#### [Material shown]
========

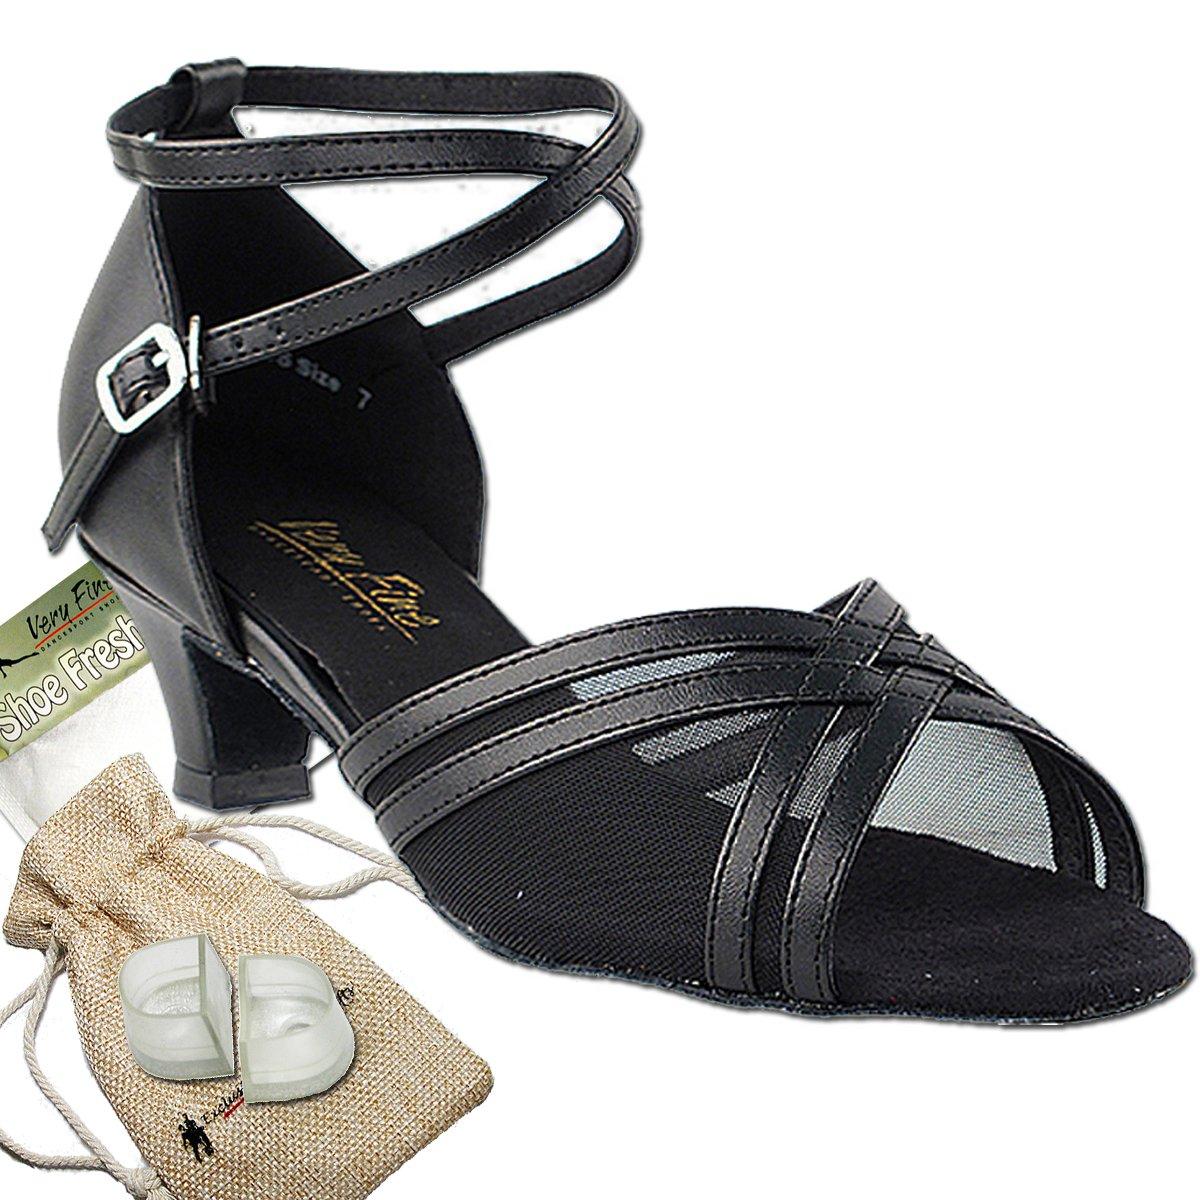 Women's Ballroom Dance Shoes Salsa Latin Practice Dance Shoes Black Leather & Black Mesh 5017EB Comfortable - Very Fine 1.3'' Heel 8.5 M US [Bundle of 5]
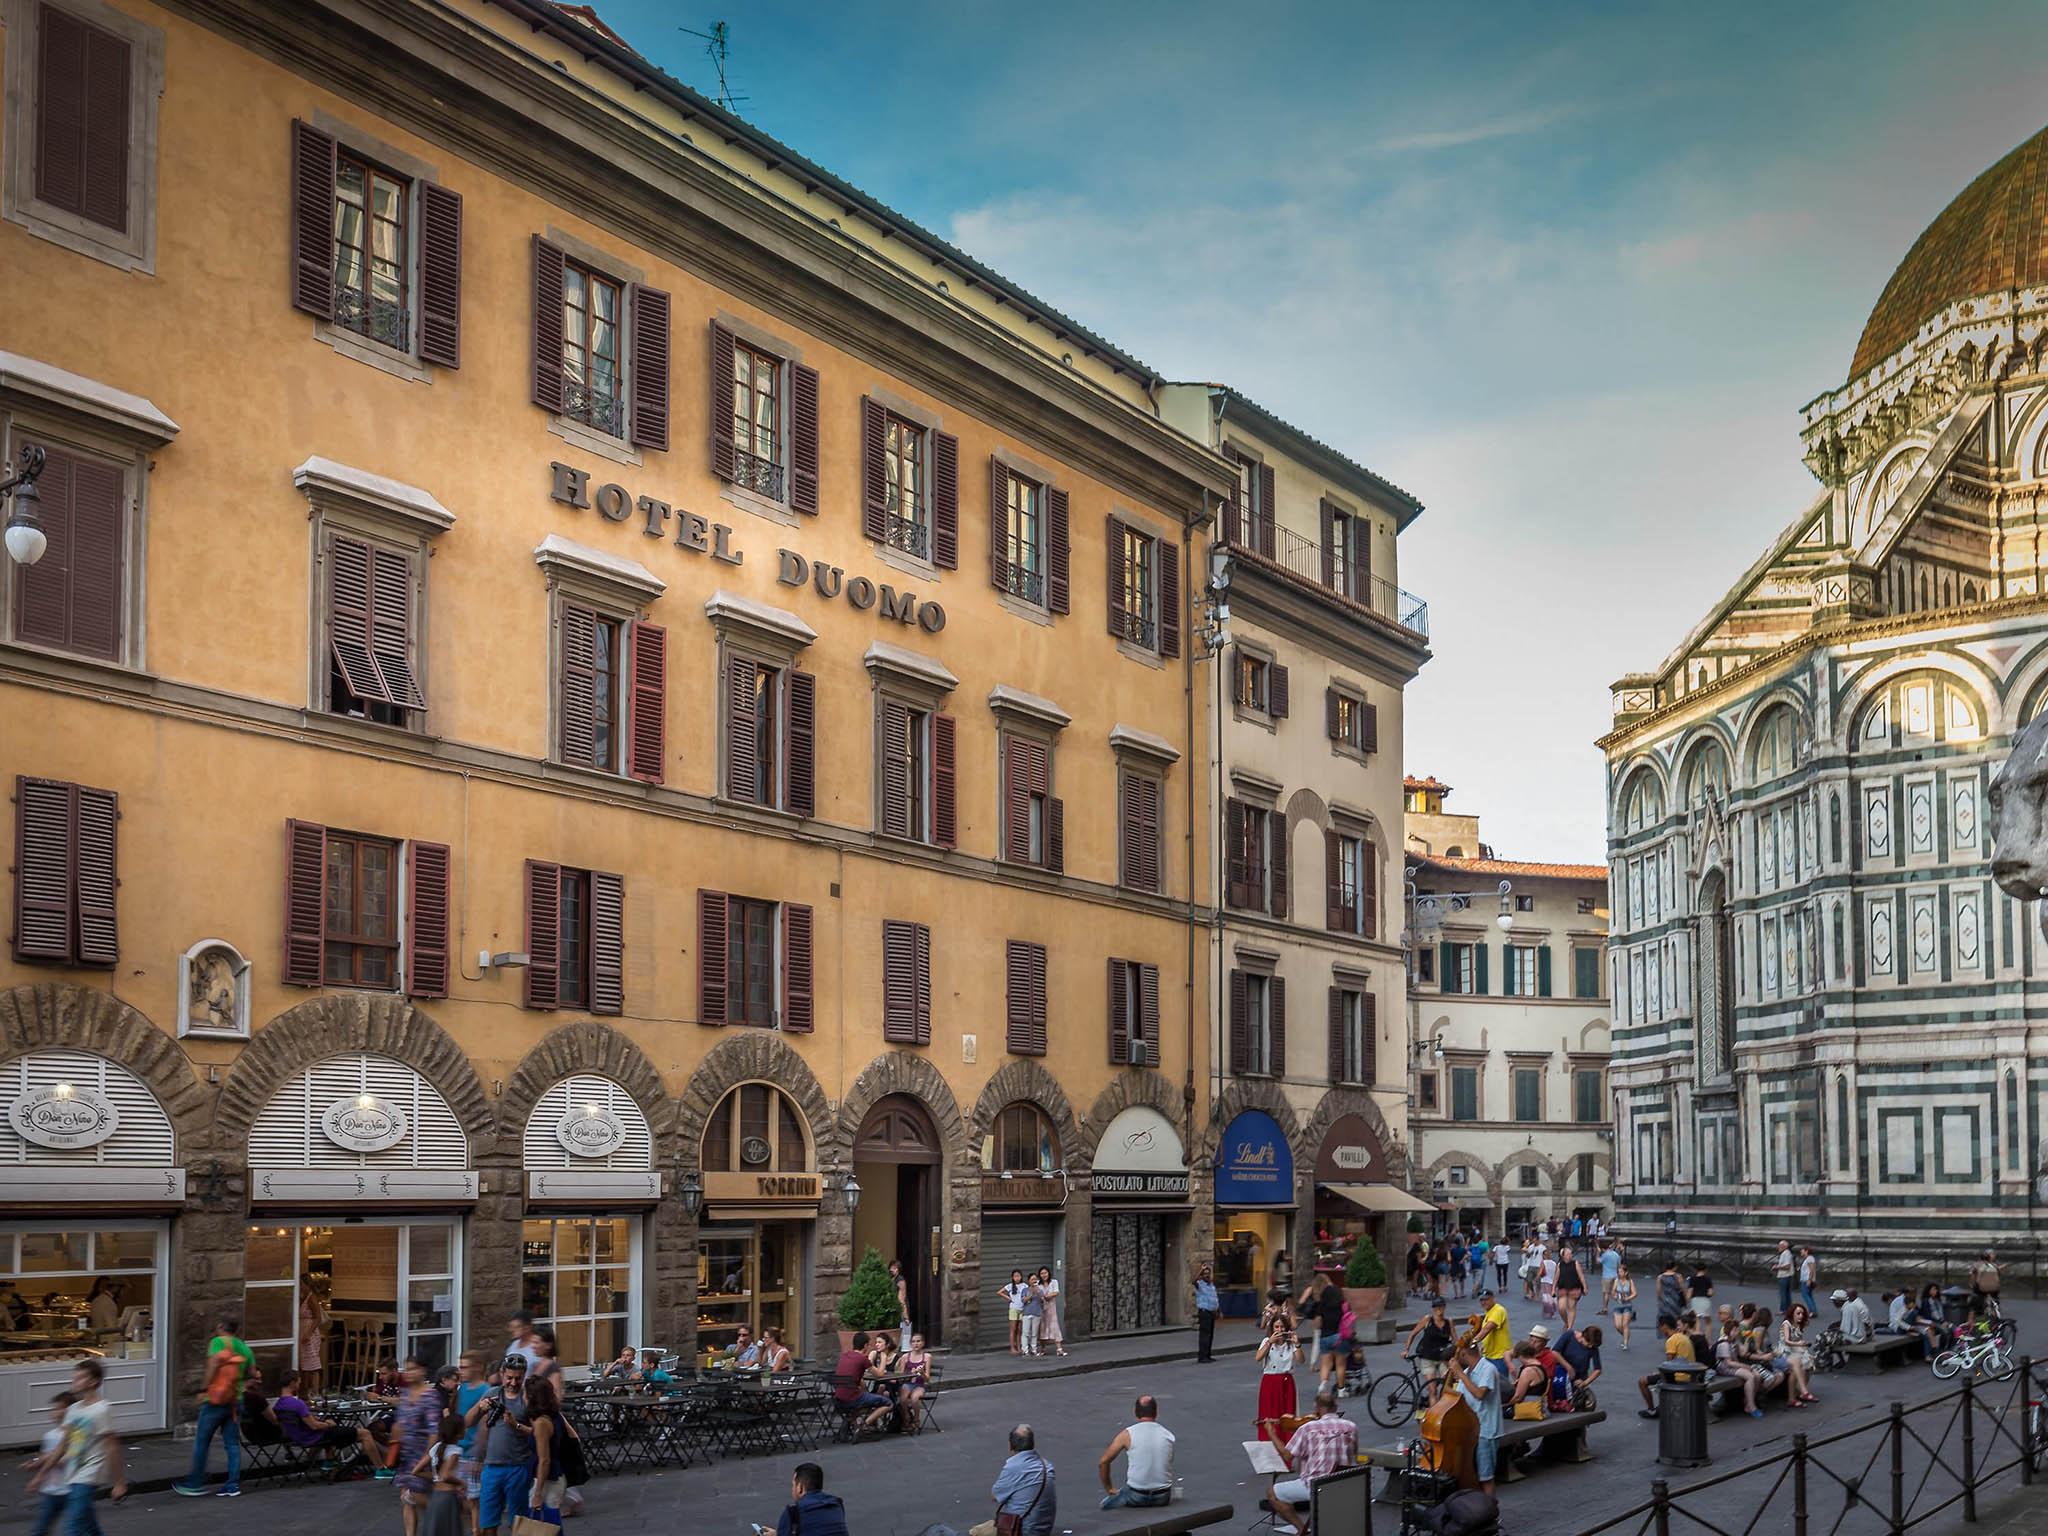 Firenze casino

========

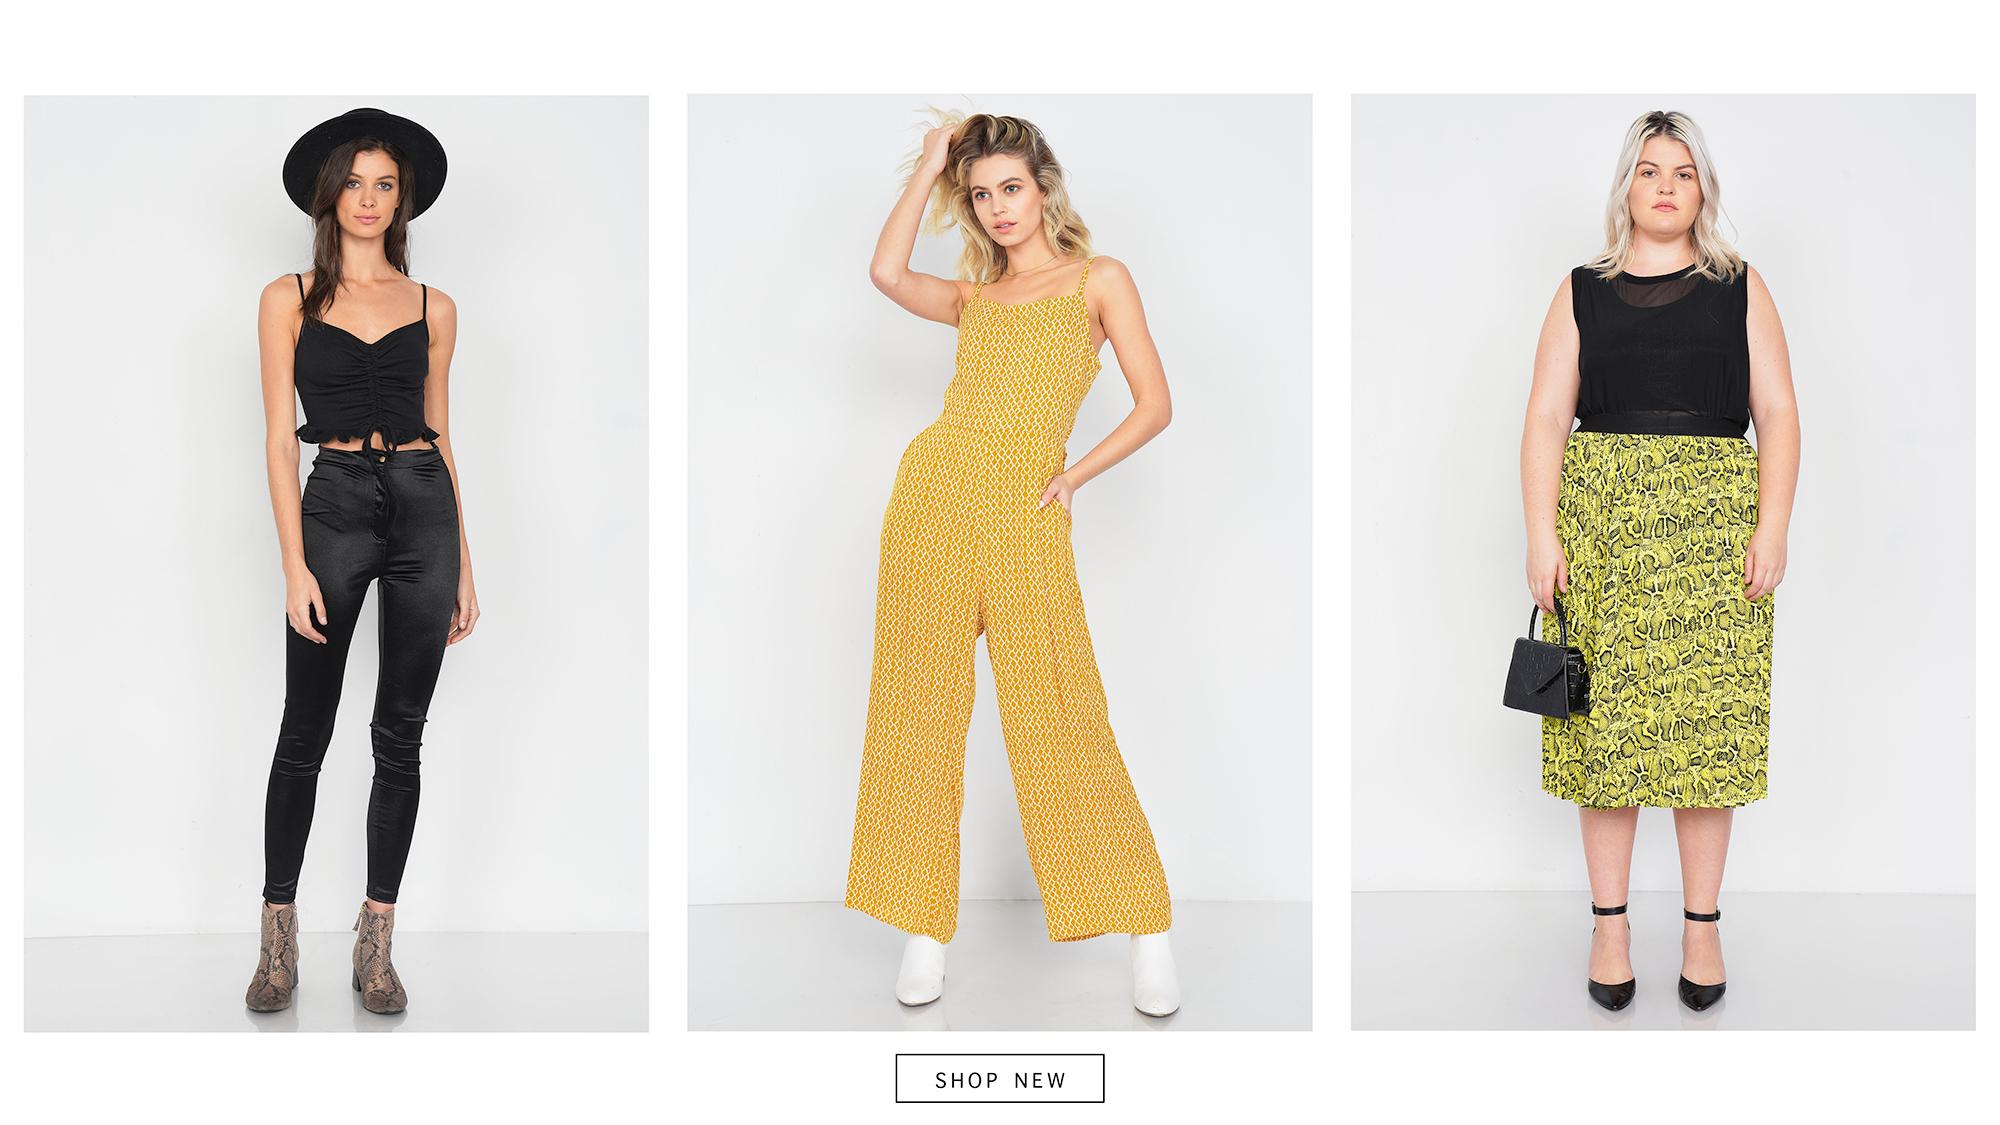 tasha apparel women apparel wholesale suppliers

========

Everything from the line above that contains "Women's Ballroom Dance" down to the line that contains "Firenze casino" must be reproduced exactly, both ends included. Omit the pictures.

#### [Task solution]
 Women's Ballroom Dance Shoes Salsa Latin Practice Dance Shoes Black Leather & Black Mesh 5017EB Comfortable - Very Fine 1.3'' Heel 8.5 M US [Bundle of 5]
 Firenze casino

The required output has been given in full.